Velocity of DNA in gels during field inversion

Abstract

The velocity and alignment of T4 and λ DNA have been measured during field-inversion gel electrophoresis (FIGE) at field strengths E between 6 and 14 V/cm. Immediately after E changed sign, the velocity exhibited an oscillatory behavior before reaching a steady value. The times at which these oscillations occurred were shorter for λ DNA (48.5 kilo-base-pairs) and longer for smaller E. However, the distance each DNA had traveled, when scaled by its contour length L, was about 0.1 for the first velocity peak and 0.15–0.3 for the undershoot for both molecular weights and all values of E studied, provided that E was on for at least 12 s prior to the field inversion. If the field was on for only a short time before inversion, the first sharp peak in velocity was progressively reduced in magnitude and duration. The alignment function f=(3〈${\cos }^2$θ〉-1)/2, where θ is the angle between the helix axis and E, was measured for the same DNA’s, field strengths, and pulse times. The alignment was at all times parallel to E but decreased sharply immediately after field inversion to a minimum, followed by an overshoot and then a plateau. The time after field inversion at which the minimum in f occurred was approximately the same as that of the velocity maximum.
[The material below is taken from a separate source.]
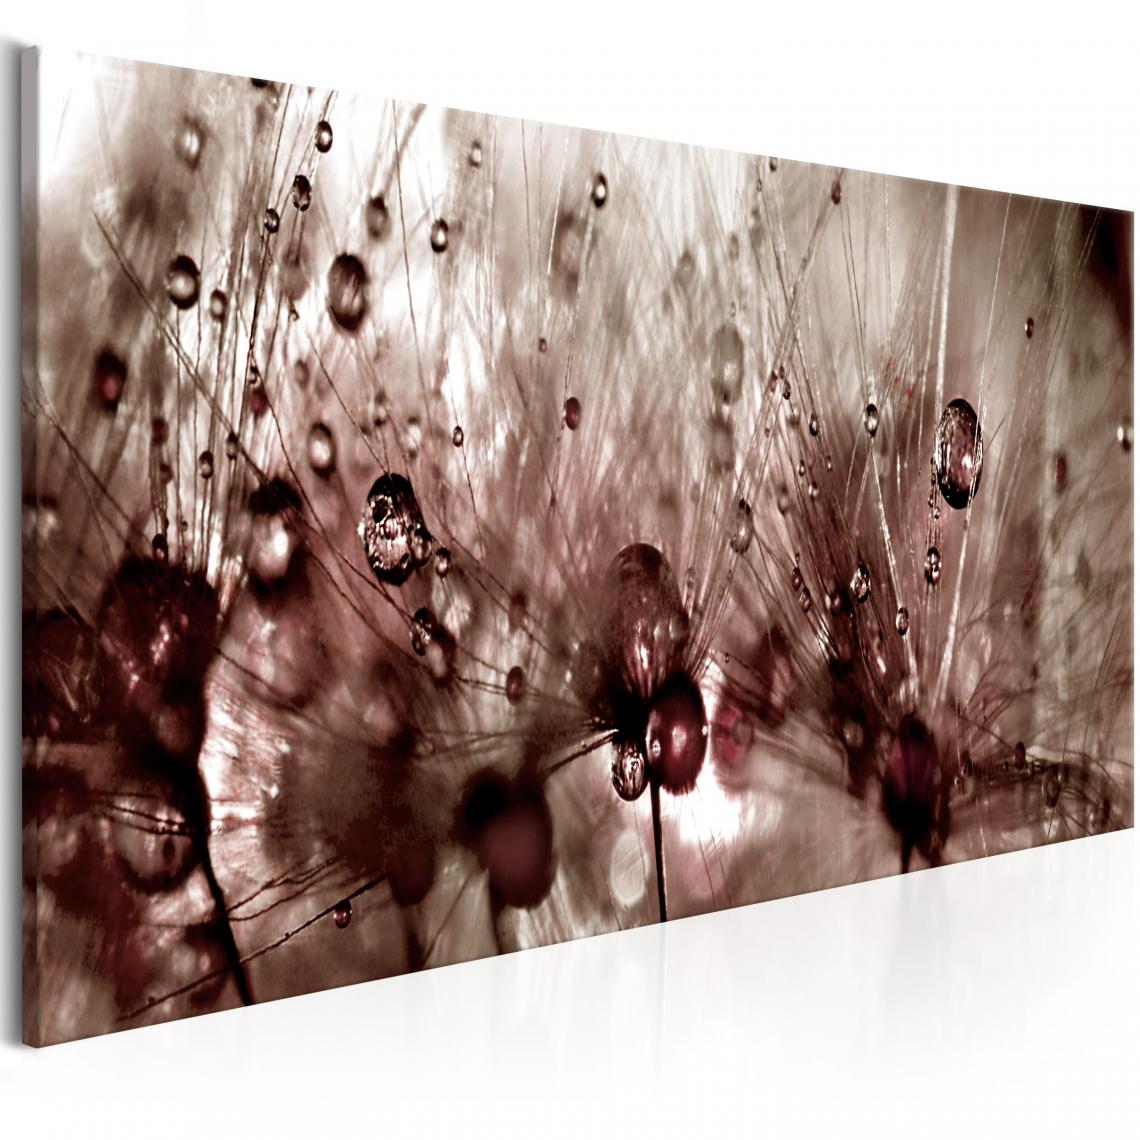 Decoshop26 - Tableau sur toile décoration murale image imprimée cadre en bois à suspendre Pissenlits après la pluie 150x50 cm 11_0005142 - Tableaux, peintures

The anticorrelation between the velocity and f, as well as the invariance of x/L for the velocity overshoot, support the idea, first suggested by computer simulations, that DNA undergoing gel electrophoresis spends much time hooked over gel fibers in ssU-shaped chain configurations. The measured velocity curves of T4 DNA were integrated to compute the net displacement after a series of positive and negative field inversions. The average velocity computed from this displacement showed a pronounced ‘‘antiresonance’’ or minimum at the same pulse period as observed in practical FIGE separations.